Summary
American Express Company (AXP) reported a significant decline in net income for the three and six months ended June 30, 2001, compared to the same periods in 2000. This decrease was largely driven by substantial pre-tax losses of $182 million in Q1 2001 and $826 million in Q2 2001 from the write-down and sale of certain high-yield securities. Excluding these charges, the company's underlying performance showed a more modest decline, with net revenues on a managed basis declining slightly for the quarter but remaining down for the six-month period. The company also announced plans for significant reengineering initiatives, including job reductions, which will result in a substantial restructuring charge in the third quarter of 2001. Despite the overall decline in profitability, the Travel Related Services segment showed modest net income growth, driven by increases in cards in force and billed business volumes, although travel revenues and spending per cardmember declined.
Key Highlights
- 1Net income for Q2 2001 declined by 76% to $178 million ($0.13 per diluted share) from $740 million ($0.54 per diluted share) in Q2 2000.

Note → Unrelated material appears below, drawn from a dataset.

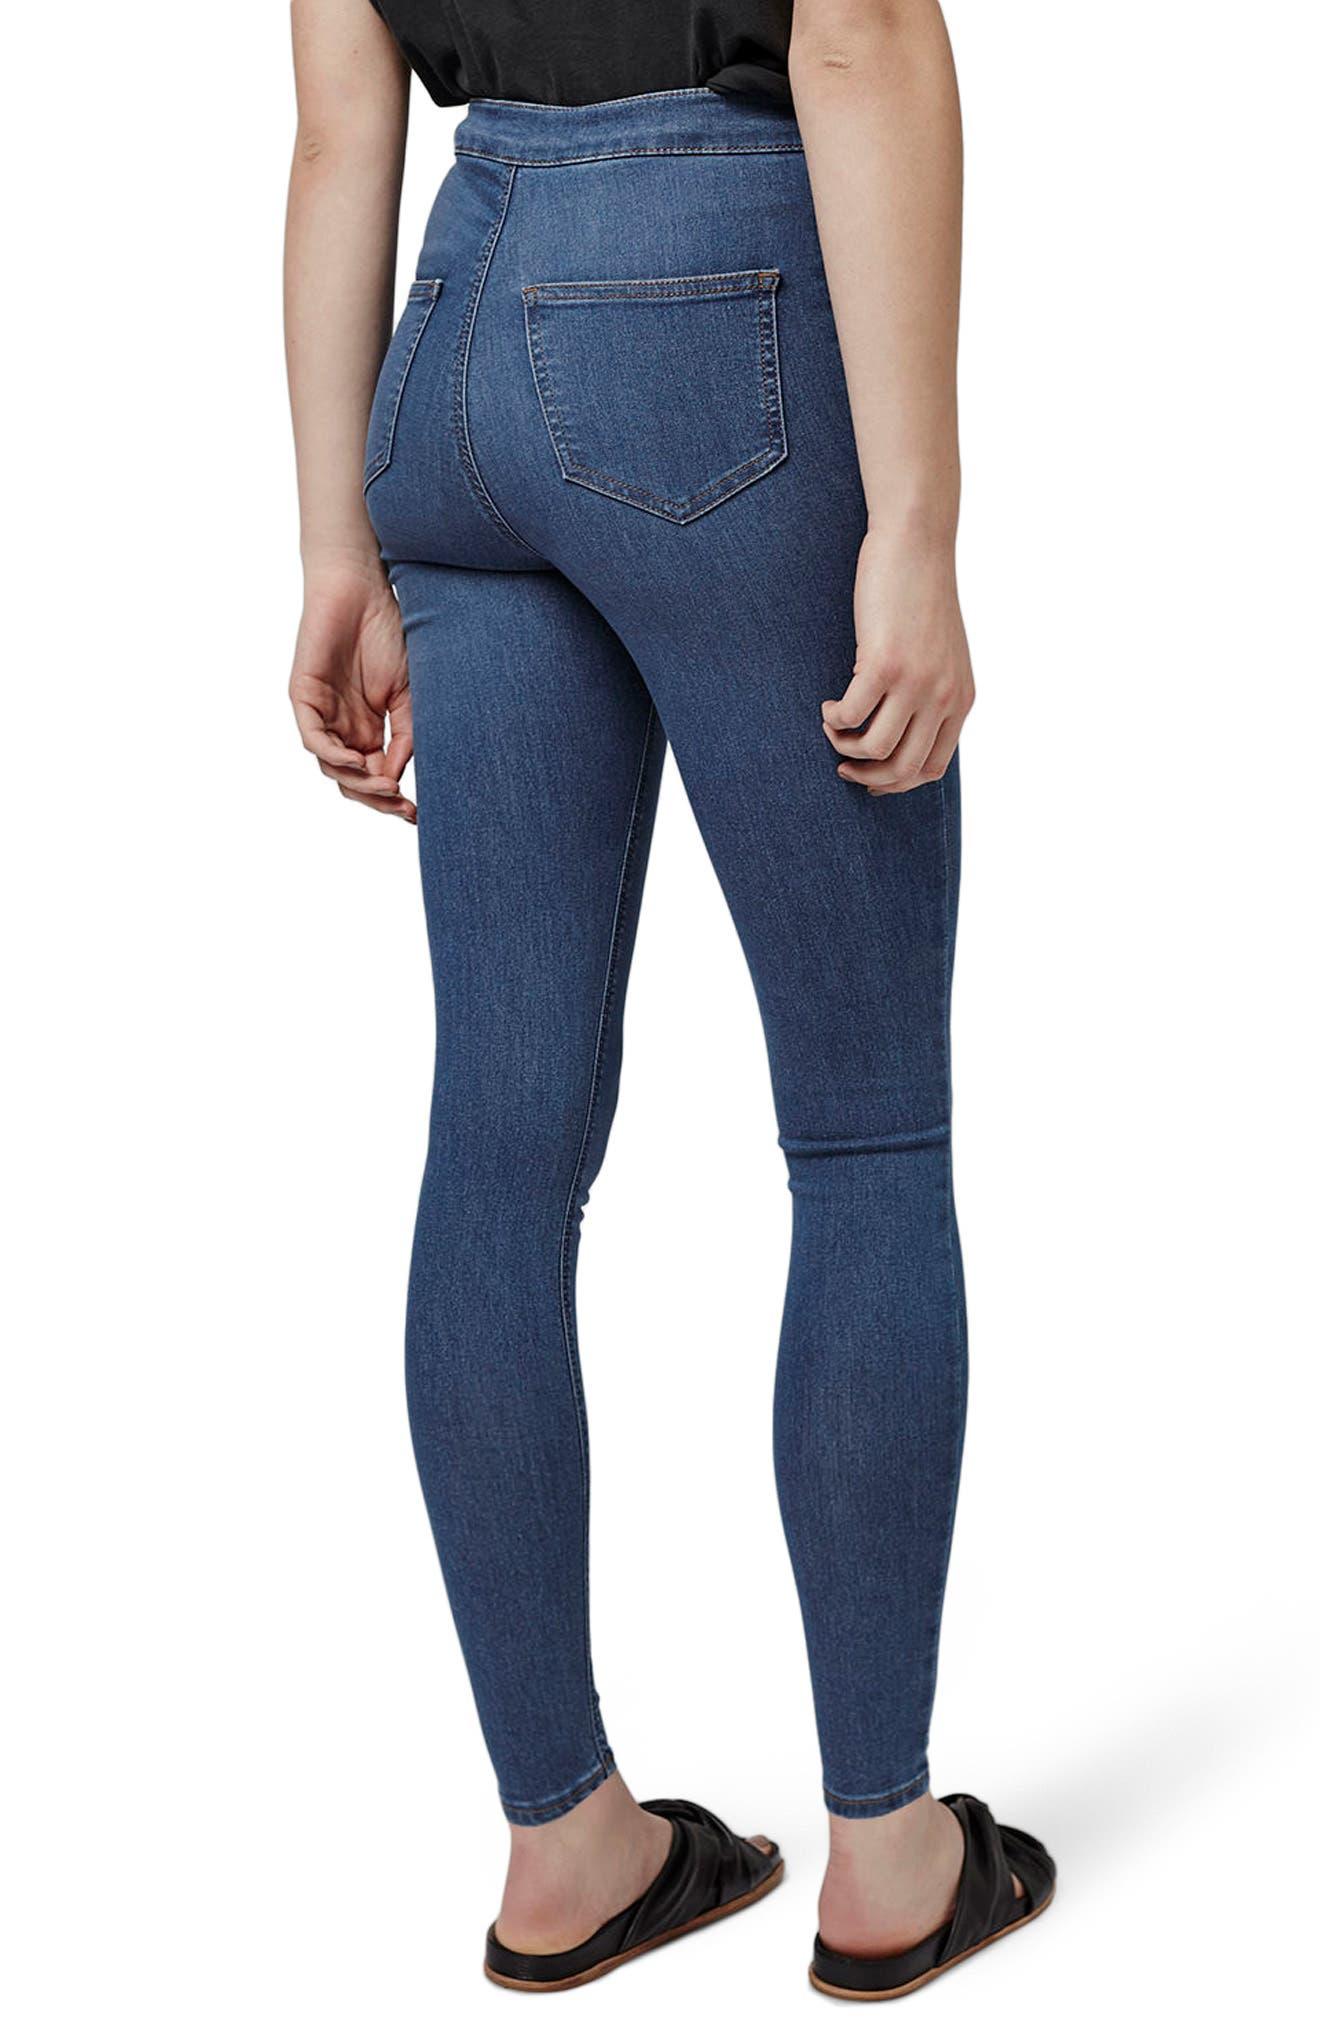 TOPSHOP, Joni Mid Denim Jeans, Alternate thumbnail 2, color, MID DENIM
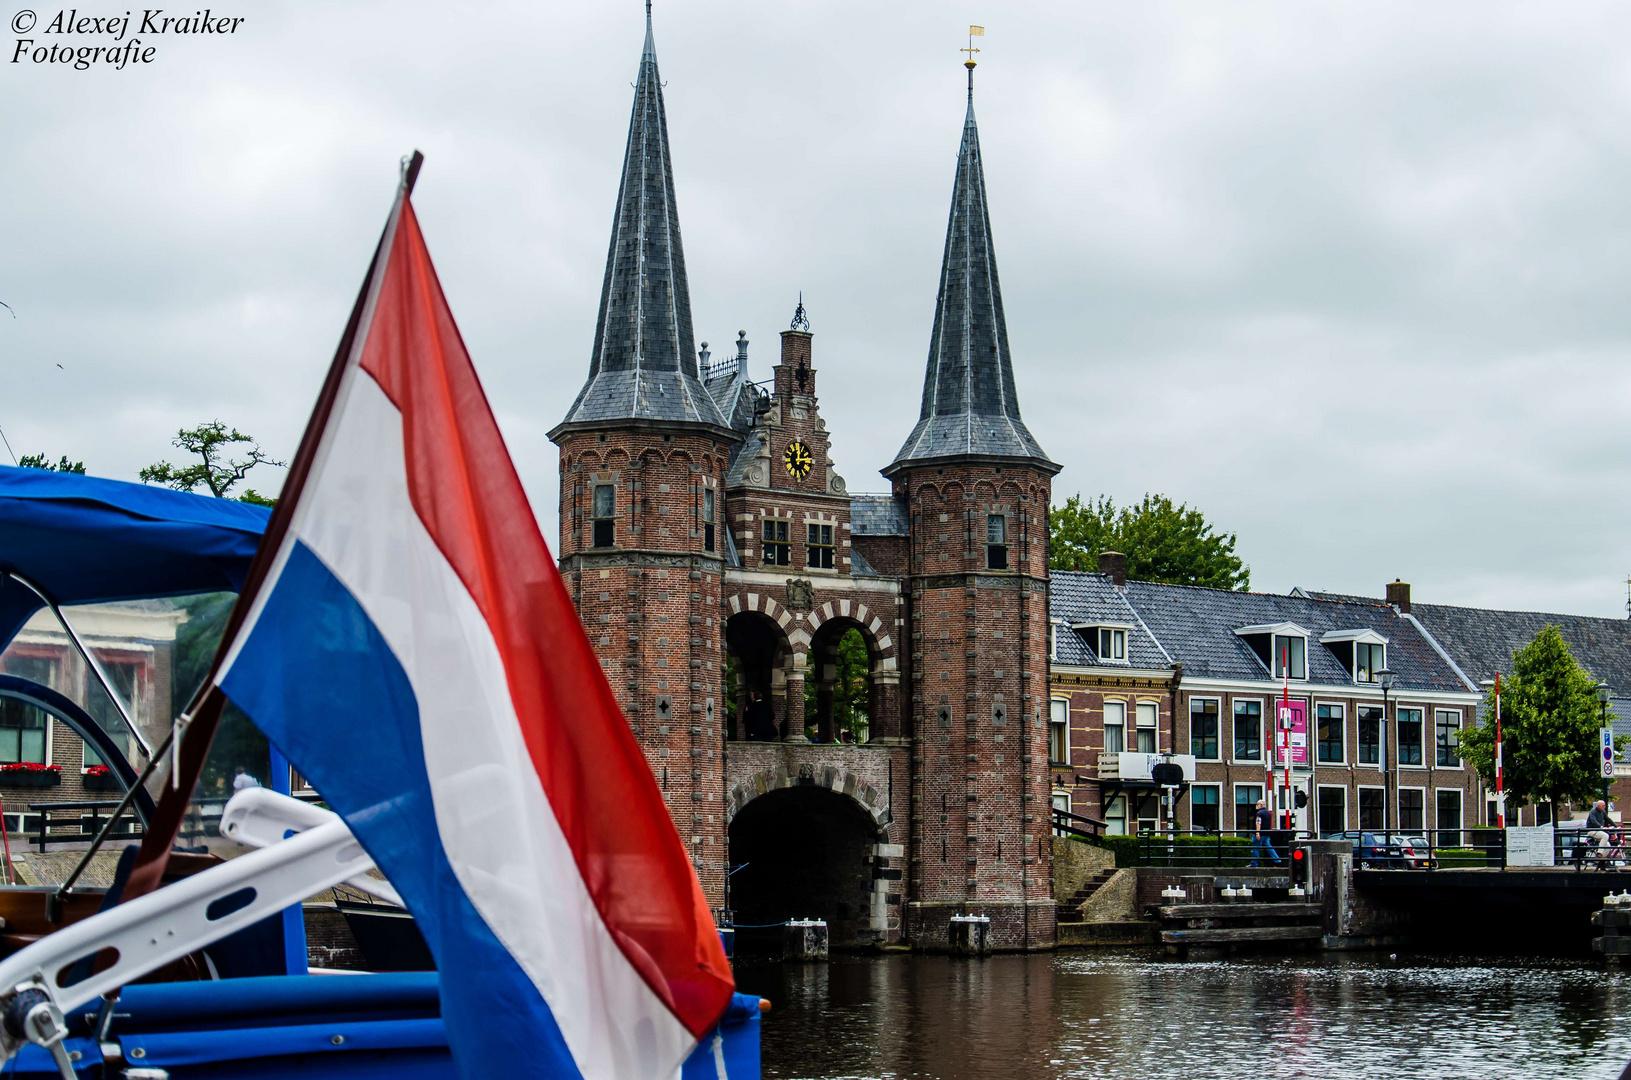 Waterpoort Sneek Foto & Bild | europe, benelux, netherlands Bilder auf fotocommunity

- 2Six-month net income fell 49% to $716 million ($0.53 per diluted share) from $1,396 million ($1.03 per diluted share) in the prior year.
- 3Significant pre-tax losses of $826 million were incurred in Q2 2001 related to the write-down and sale of high-yield securities, impacting AEFA's results.
- 4Travel Related Services (TRS) segment demonstrated resilience with net income increasing 3% for Q2 and 9% for the six months, on managed basis revenue growth of 6% and 7% respectively.
- 5The company is undertaking significant reengineering initiatives, including 4,000-5,000 job reductions, expected to result in a $310-$370 million restructuring charge in Q3 2001.
- 6Total assets decreased slightly to $152.2 billion as of June 30, 2001, from $154.4 billion as of December 31, 2000.
- 7The company anticipates a reduction in share repurchases for the remainder of 2001 due to the negative capital generation impact of the high-yield losses.